Abstract

To evaluate the clinical significance of silent myocardial ischemia in elderly patients with coronary artery disease, 147 patients (aged 65 years and older) underwent coronary angiography and dipyridamole thallium scintigraphy. Seventy-four patients (44 men, 30 women) who showed reversible defects (RD) and ischemic ST depression during scintigraphy were divided into two groups: 13 with silent RD (18%, 12 men, 1 woman), and 61 with painful RD (82%, 32 men, 29 women). Most patients with silent RD were men. The prevalence of myocardial infarction was similar in patients with silent RD (62%) and in patients with painful RD (49%). The prevalence of multivessel disease was also similar in the two groups: 85% in patients with silent RD and 82% in patients with painful RD. Among 38 patients with infarction, 8 had silent RD and 30 had painful RD. The prevalence of RD in the area of infarction was greater in patients with silent RD (63%) than in patients with painful RD (47%), but the difference was not statistically significant.
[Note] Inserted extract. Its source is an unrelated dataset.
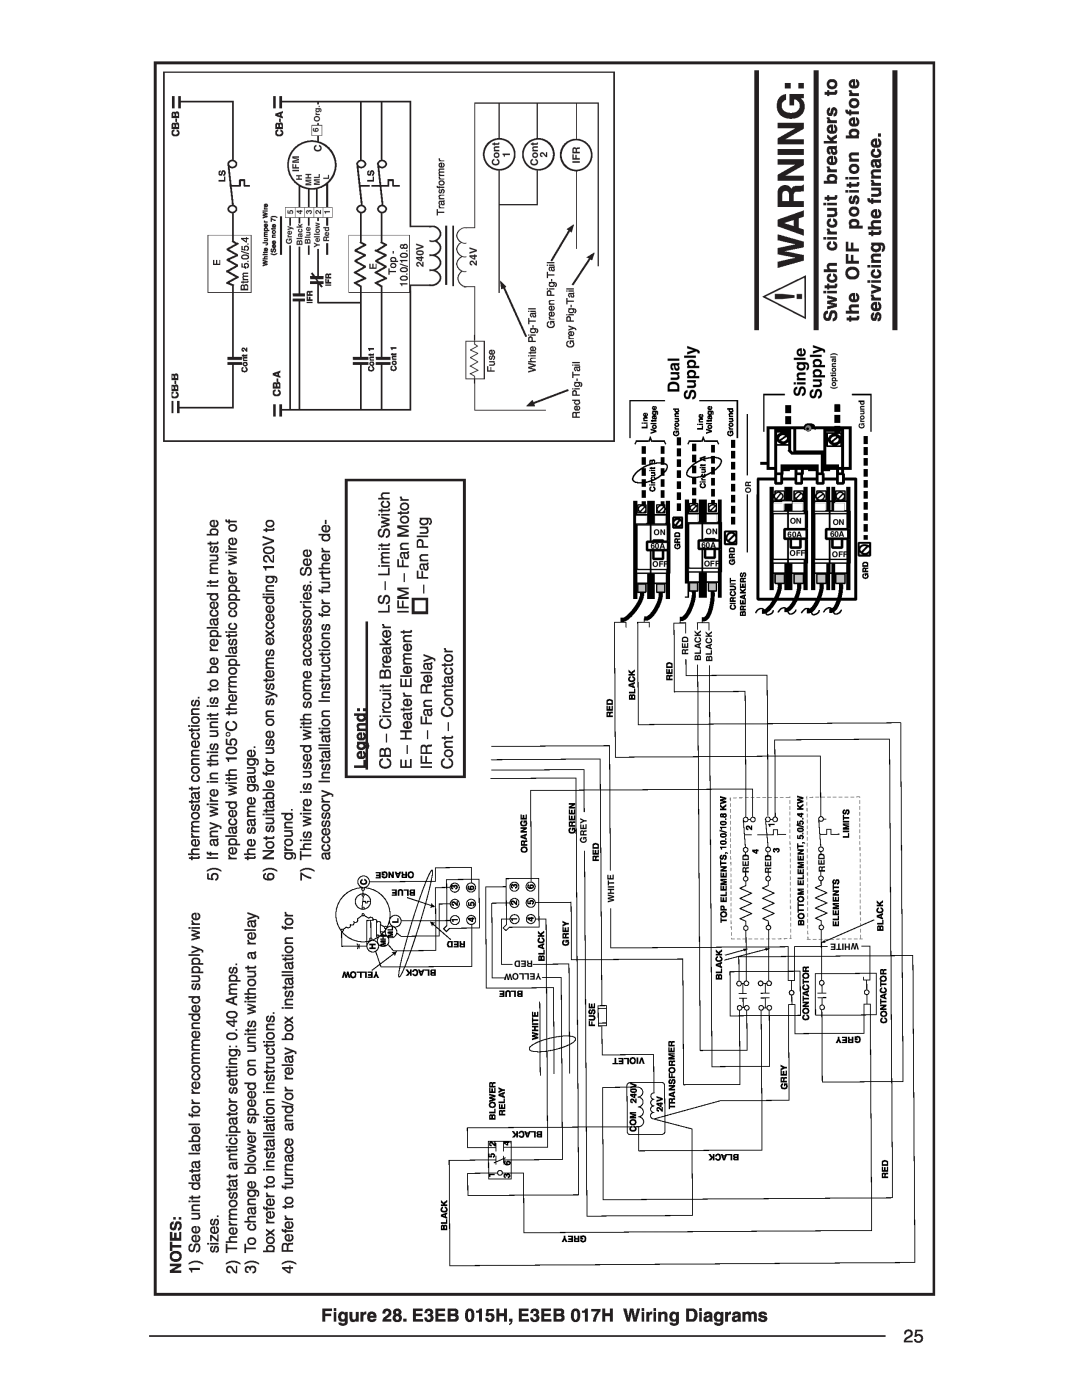 Nordyne user service E3EB 015H, E3EB 017H Wiring Diagrams, Dual, Single Supply

The prevalence of extensive infarction (fixed defects) was greater in patients with silent RD (75%) than in patients with painful RD (30%, p < 0.05). Among 36 patients without infarction, there was no scintigraphic parameter which showed significant difference. Bypass grafting and angioplasty were initially performed in 23% of the patients with silent RD and in 36% of the patients with painful RD (ns). When the two groups were treated medically during the follow-up period of 29 +/- 22 months, the incidences of cardiac events were similar: 10% in patients with silent RD and 13% in patients with painful RD. The prevalence of silent RD is not high in elderly patients with significant coronary artery disease. Compared with the patients with painful RD, those with silent RD were more likely to have an old and extensive myocardial infarction, and they tended to have RD in the area of the infarct.